# any discount codes for Florida?



## anne1125 (Jan 12, 2006)

We're going to Tampa in March.  Would prefer to use Dollar or Budget.  Best rate we found was $250.00 week for premium car.

Anyone have any good discount codes?

Thanks,

Anne


----------



## cindi (Jan 12, 2006)

I like to go to mousesavers.com and check on their car rental section.
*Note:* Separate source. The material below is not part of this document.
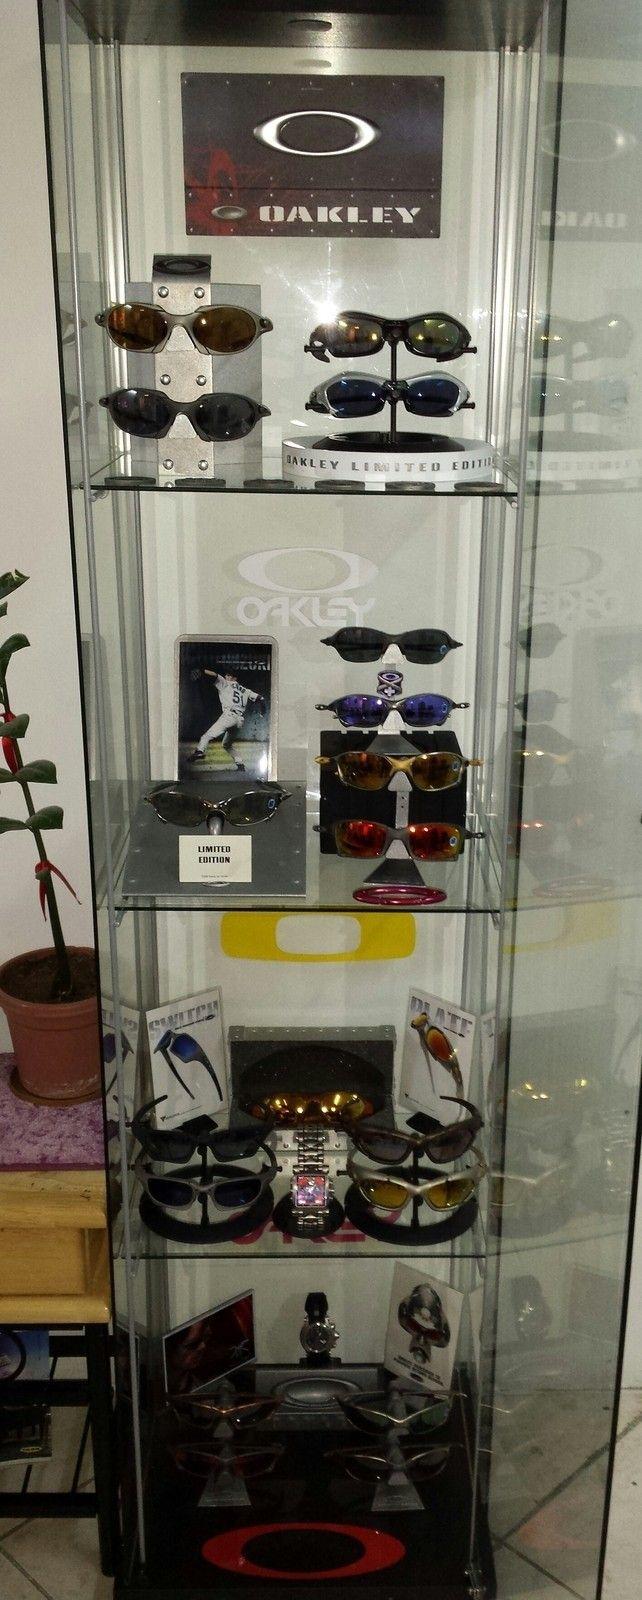 My Ikea Display Cabinet - uploadfromtaptalk1423043507342.jpg

They list all kinds of discounts for each car dealer.


----------



## MULTIZ321 (Jan 12, 2006)

*Car Rental Codes*

Anne,

Check Traveldepot.net for Car Discount Codes 

also  Rentalcodes.com Car Rental Codes 

Another good site to check for car rental discounts is Breezenet Car Rental Discounts 

Richard


----------



## Mush (Jan 12, 2006)

AVIS

D005297
amateur sports assistance program.

Let me know if it ain't "Great".


----------



## anne1125 (Jan 12, 2006)

Thanks for the replies.  Mush, the discount coded does reduce ALOT, but my husband wants Budget or Dollar.  Thanks for the info.

Anne


----------



## mikey0531 (Jan 13, 2006)

Hey Mush

I used the code and it cut $100 off a rate that we already thought was good through Budget.

Thanks a lot!

Debi


----------



## Luanne (Jan 13, 2006)

anne1125 said:
			
		

> Thanks for the replies.  Mush, the discount coded does reduce ALOT, but my husband wants Budget or Dollar.  Thanks for the info.
> 
> Anne



Just curious why?  Given a choice, and especially if the price was less, I'd much prefer Avis over Budget or Dollar.


----------



## Luanne (Jan 13, 2006)

Mush said:
			
		

> AVIS
> 
> D005297
> amateur sports assistance program.
> ...



I checked against a current reservation with Avis.  My corporate rate still beats this one by about $60 for the week.


----------



## anne1125 (Jan 13, 2006)

Luanne, he already has the fastlane or whatever each company calls it, so he doesn't have to wait in line.

It saves a lot of time.  

The other companies probably have it too, but he is already signed up with these two.

Anne


----------



## Luanne (Jan 13, 2006)

anne1125 said:
			
		

> Luanne, he already has the fastlane or whatever each company calls it, so he doesn't have to wait in line.
> 
> It saves a lot of time.
> 
> ...



Got it.   That's why I like Avis.


----------



## mikey0531 (Jan 13, 2006)

Hi Luanne,

What corporate rate do you use -- corp you work for or something?  We're trying to find a way to get the lowest possible rate for our mini van rental for a week out of Miami.

Thanks, Debi


----------



## Luanne (Jan 13, 2006)

mikey0531 said:
			
		

> Hi Luanne,
> 
> What corporate rate do you use -- corp you work for or something?  We're trying to find a way to get the lowest possible rate for our mini van rental for a week out of Miami.
> 
> Thanks, Debi



I use the corp rate that is provided when I use my Avis Wizard number.  I'm sure it's something negotiated by the company I work for.  I'm only suggesting that when looking for car rental rates, if you have a corporate discount, check to see what those rates are.


----------



## vacationjeanie (Jan 16, 2006)

What is name of site to check discounts?  Thanks.


----------



## Egret1986 (Jan 24, 2006)

*I appreciate you sharing this!*



			
				Mush said:
			
		

> AVIS
> 
> D005297
> amateur sports assistance program.
> ...



Got referred back to this thread from another thread.  Thanks!  I used it and it is great!


----------